Topological use a simple topological sort to determine the order of building keys. They are limited to static dependencies - if new dependencies are discovered during the build process, they cannot be correctly added to the build graph.
Restarting schedulers start building a particular key, then, as dependencies are discovered, abort building that key. Then the discovered dependency(ies) are built, after which the original key’s task is restarted. This allows dynamic dependencies, but at the cost of repeating parts of the build process.
Suspending schedulers also start building a particular key. When a dependency is discovered, instead of aborting the current task, they suspend it, go and build the dependency, then resume the task. This allows dynamic dependencies without repeating work.

Section 4.3 says:

This scheduler (when combined with a suitable rebuilder) provides a minimal build system that supports dynamic dependencies. In our model, a suspending scheduler is easy to write – it makes a function call to compute each dependency. However, a more practical implementation is likely to build multiple dependencies in parallel, which then requires a more explicit task suspension and resumption. To implement suspension, there are two standard approaches:

Blocking threads or processes: this approach is relatively easy, but can require significant resources, especially if a large number of tasks are suspended. In languages with cheap green threads (e.g. Haskell), the approach is more feasible and it was the original approach taken by SHAKE.

Continuation-passing style (Claessen, 1999) can allow the remainder of a task to be captured, paused, and resumed later. Continuation passing is efficient, but requires the build script to be architected to allow capturing continuations. SHAKE currently uses this approach.

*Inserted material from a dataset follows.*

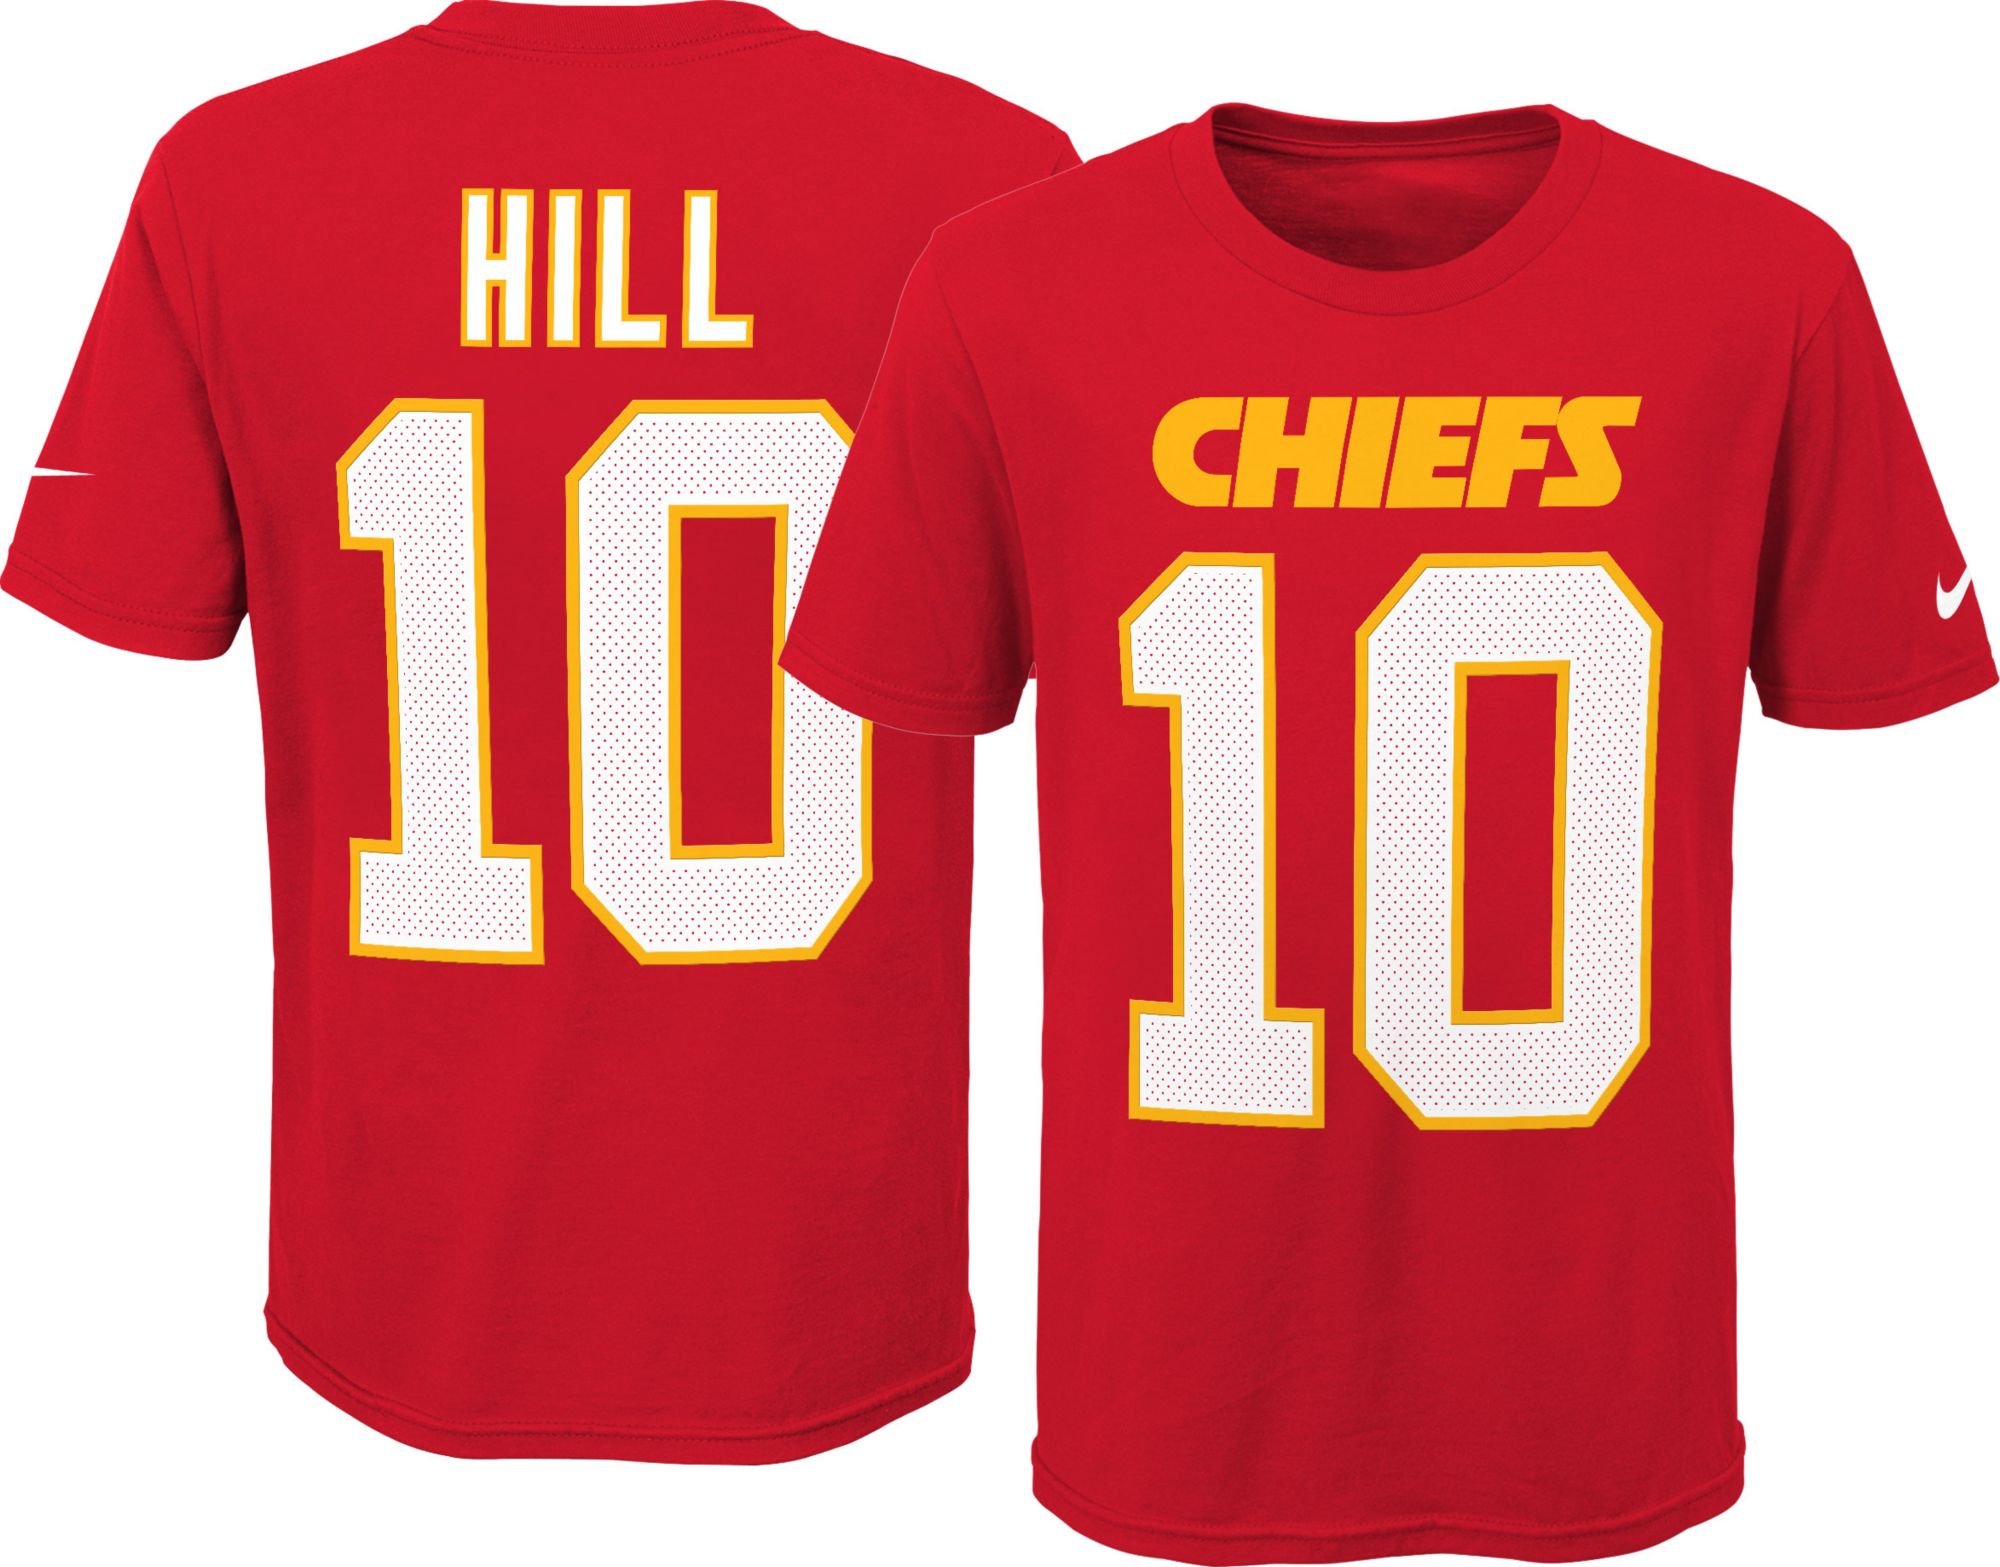 hill chiefs jersey

While a suspending scheduler is theoretically optimal, in practice, it is better than a restarting scheduler only if the cost of avoided duplicate work outweighs the cost of suspending tasks. Note, furthermore, that the cost of duplicate work may often be just a fraction of the overall build cost.

I want to show that an implementation of such a scheduler is “trivially” possible using Futures (Promises for JS folks) and provides the nice property of automatically giving parallelism, without any need for explicit suspension and resumption. We do not need to perform any transformations to code. Instead almost everything is written in a very imperative, blocking style, with async/await handling the suspension mechanics. Using futures means that we do not need a thread/process per active task. Since builds are generally I/O bound and more importantly, running separate processes than the build process, this means we can even get away with just one actual OS thread running all currently active futures.

With a “sophisticated” (I don’t know a better word) futures implementation such as in Rust, you can even make reasonable claims about the memory usage and allocation patterns of such an implementation, which can help you answer whether “the cost of avoided duplicate work outweighs the cost of suspending tasks”.

A suspending scheduler

I am going to focus on a “build system” that has these requirements:

It is going to launch arbitrary external processes. This generally makes the cost of suspending pretty small compared to the cost of restarting.
We want parallelism because this is 2020. At the same time, we want to bound this parallelism to avoid overloading a machine.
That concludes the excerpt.